Passa moleque no parecer da PEC Paralela
Sob o fundamento de incompatibilidade e
necessidade de harmonização do texto da PEC paralela com o da Emenda
Constitucional nº 41, da reforma da Previdência, o relator da PEC 227/04 ,
deputado José Pimentel (PT/CE), apresentou um substitutivo global, cuja
conseqüência, caso seja aprovado, será o retorno de todo o texto ao Senado
Federal. Essa intenção do relator ficou evidente desde o momento em que ele
requereu, e foi atendido, ao presidente da Câmara que fossem anexadas à PEC paralela todas as proposições em tramitação na Câmara
sobre previdência. Na verdade, o voto e o parecer do relator são uma prova do
seu descontentamento com a proposta do Senado, que ameniza os prejuízos
impostos aos servidores na Reforma da Previdência do Governo Lula.
Entre as principais mudanças, além da
paridade, integralidade e transição, o relator: (a) suprime a participação
paritária dos servidores na unidade gestora do fundo de pensão, (b) vincula o
subsídio máximo de governador e prefeito a um percentual do subsídio de
ministro do Supremo Tribunal Federal, (c) elimina a exigência de recenseamento
previdenciário, (d) elimina isenção de contribuição para o aposentado e
pensionista portador de doença incapacitante, (e)

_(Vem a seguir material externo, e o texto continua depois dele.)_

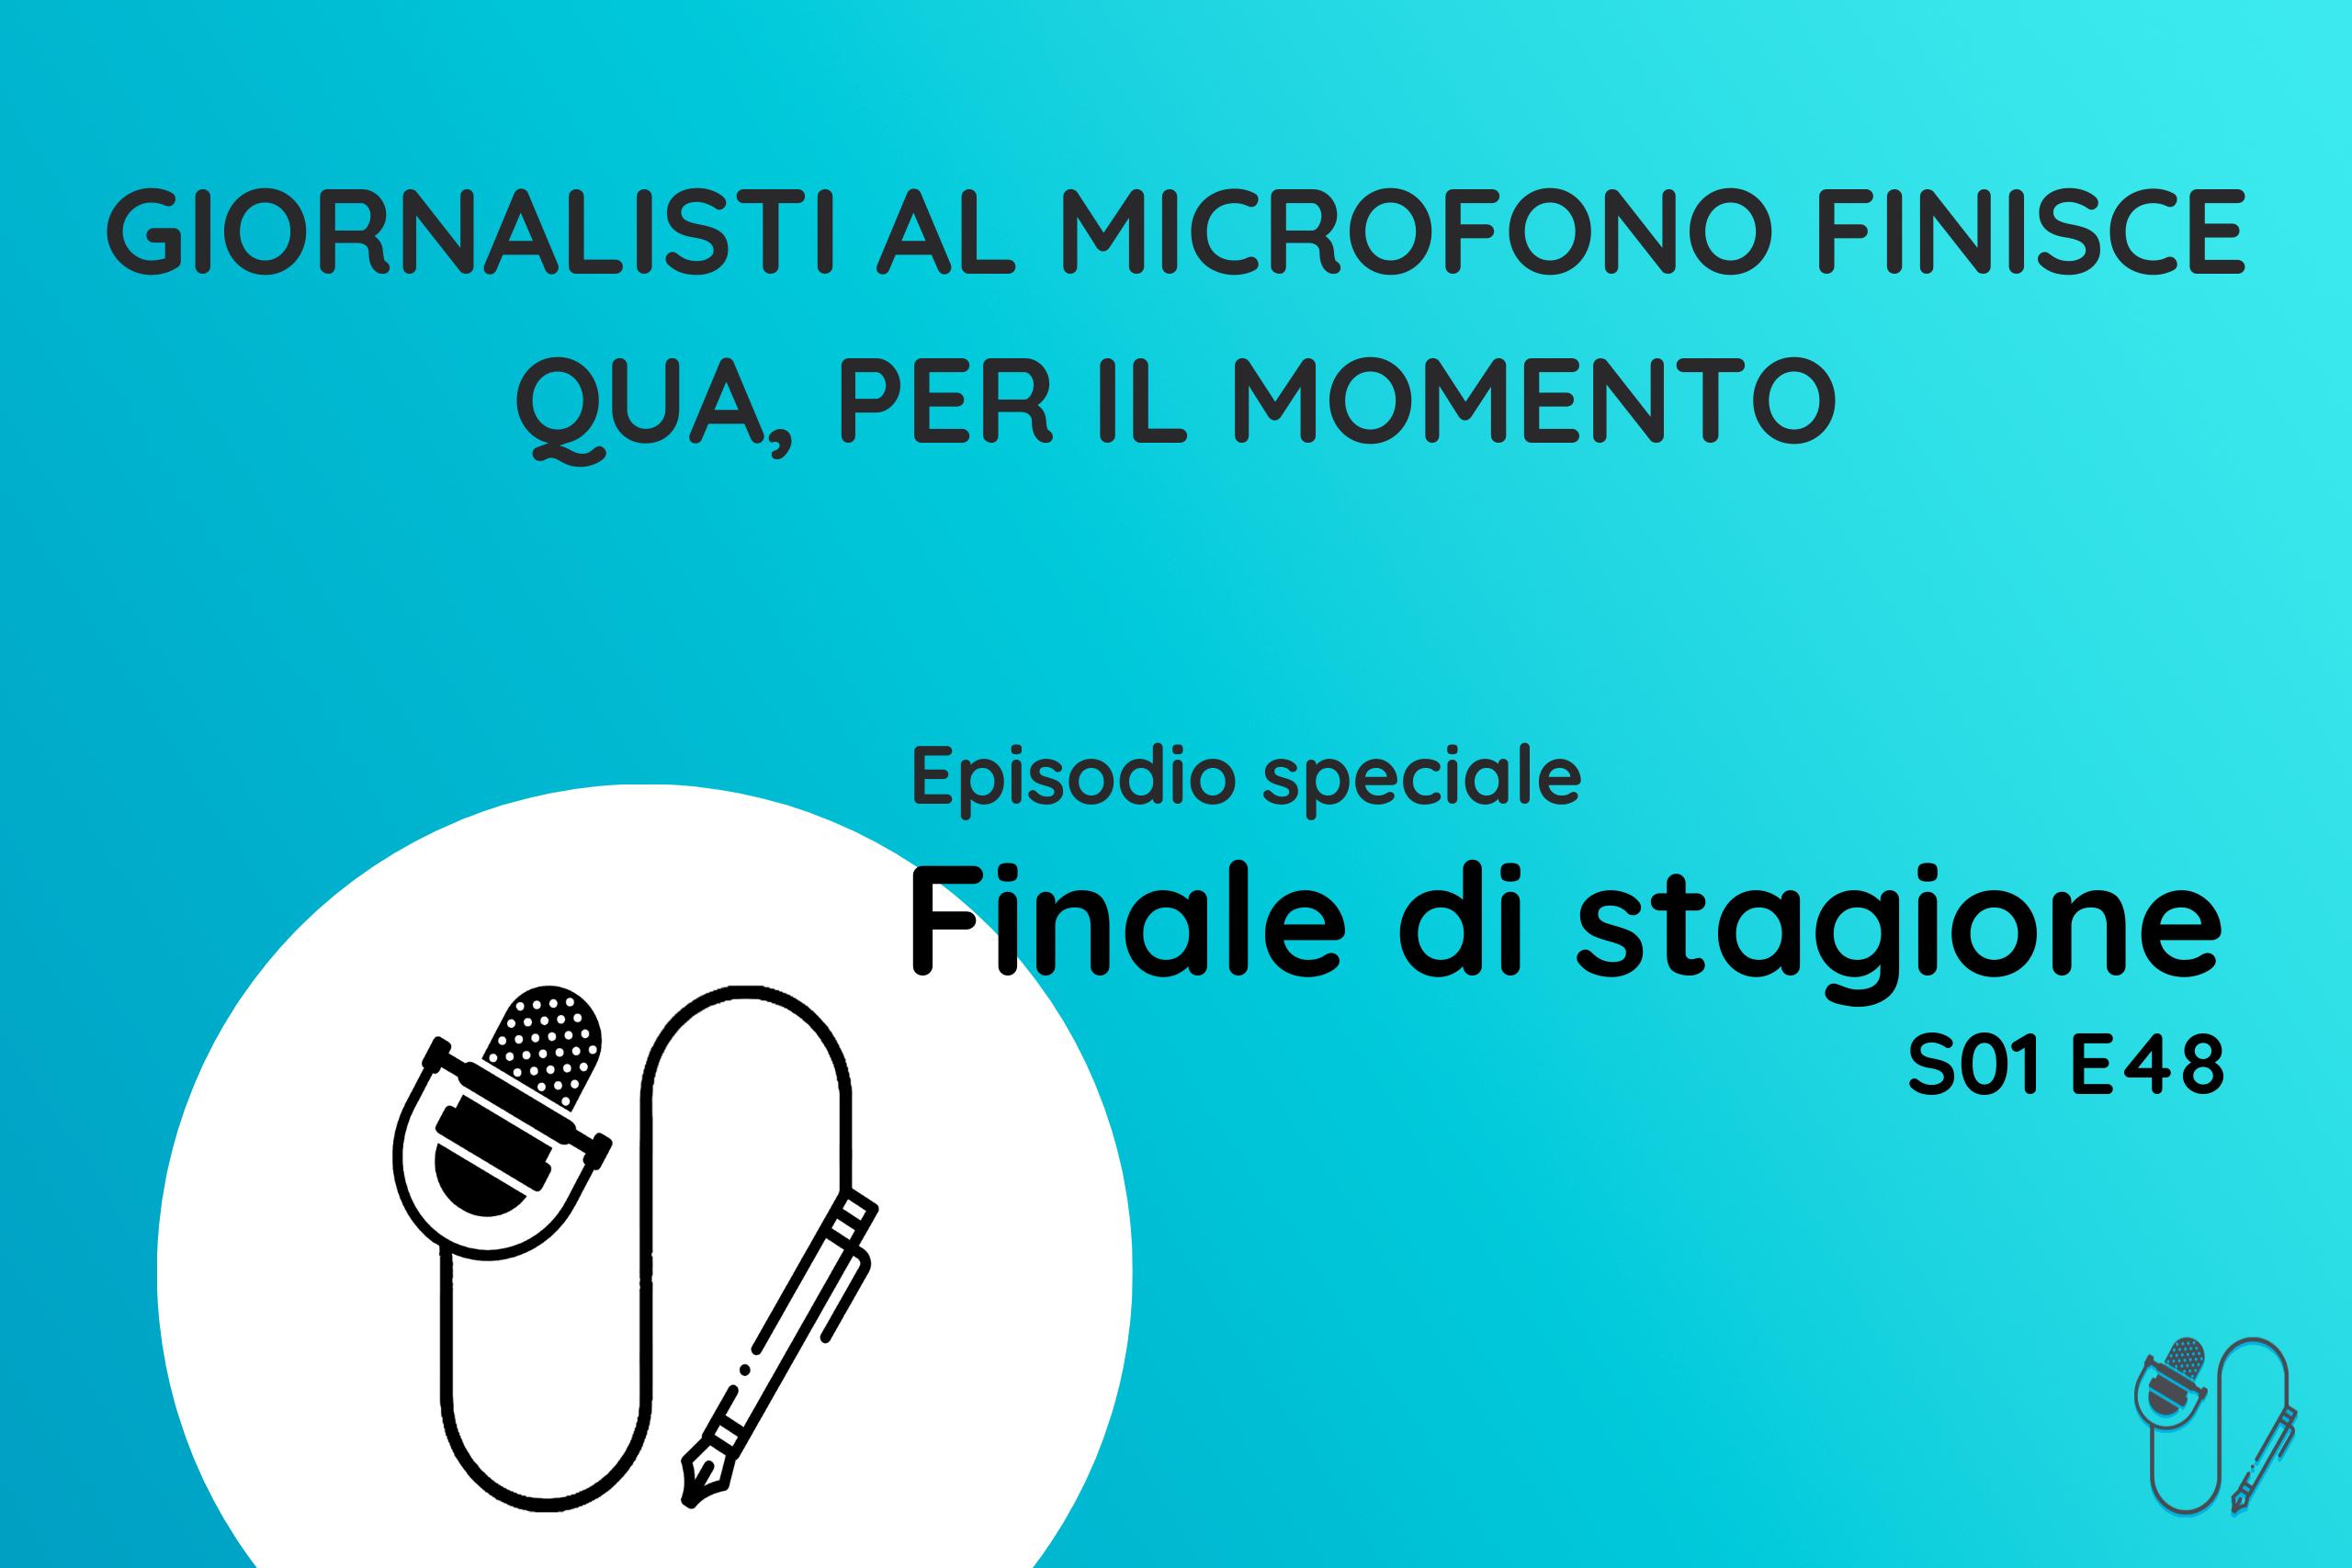 Giornalisti al Microfono finale di stagione 1

modifica a redação do artigo sobre inclusão social, e (f) modifica o
dispositivo que trata da adoção de alíquota diferenciada em razão da atividade
econômica, da utilização intensiva de mão-de-obra, do porte da empresa ou da
condição estrutural do mercado de trabalho para as empresas que empregam
mão-de-obra intensiva. Veja como ficaram os principais pontos da PEC paralela
na versão do relator:
Subteto – Alegando que o texto do Senado exclui as pensões do teto e subteto e
a supressão da expressão “de qualquer natureza” desfigura o texto já
promulgado, o relator, então, suprimiu os dispositivos sobre subteto e
determinou que o subsídio (o salário) de governador, bem como de prefeito de
cidades com mais de 500 mil habitantes não poderá ser superior a 75% do
subsídio do Ministro do Supremo Tribunal Federal, ficando o dos prefeitos de
cidades com menos de 500 habitantes limitado a 50% do
maior teto do país.
Paridade – limita o direito à paridade plena aos servidores ou servidoras que
vierem a adquirir o direito à integralidade com base na Emenda 41 (60/55 anos
de idade, 35/30 anos de contribuição, 20 anos de serviço público, 10 na
carreira e cinco no cargo), mas altera a redação para excluir desse direito os
futuros pensionistas.
Transição – permite a aposentadoria integral com idade inferior ao limite fixado
na Emenda 41, com paridade plena (60 para homem e 55 para mulher), desde que o servidor, homem ou mulher, comprovem respectivamente 35 e
30 anos de contribuição no serviço público, sendo 15 na carreira e cinco no
cargo que pretenda se aposentar. Com isto, só garante aposentadoria integral
com idade inferior à fixada na reforma da previdência para o servidor que
sempre trabalhou no serviço público, ao aumentar, no caso do homem, de 25 para 35, a exigência de tempo no serviço público.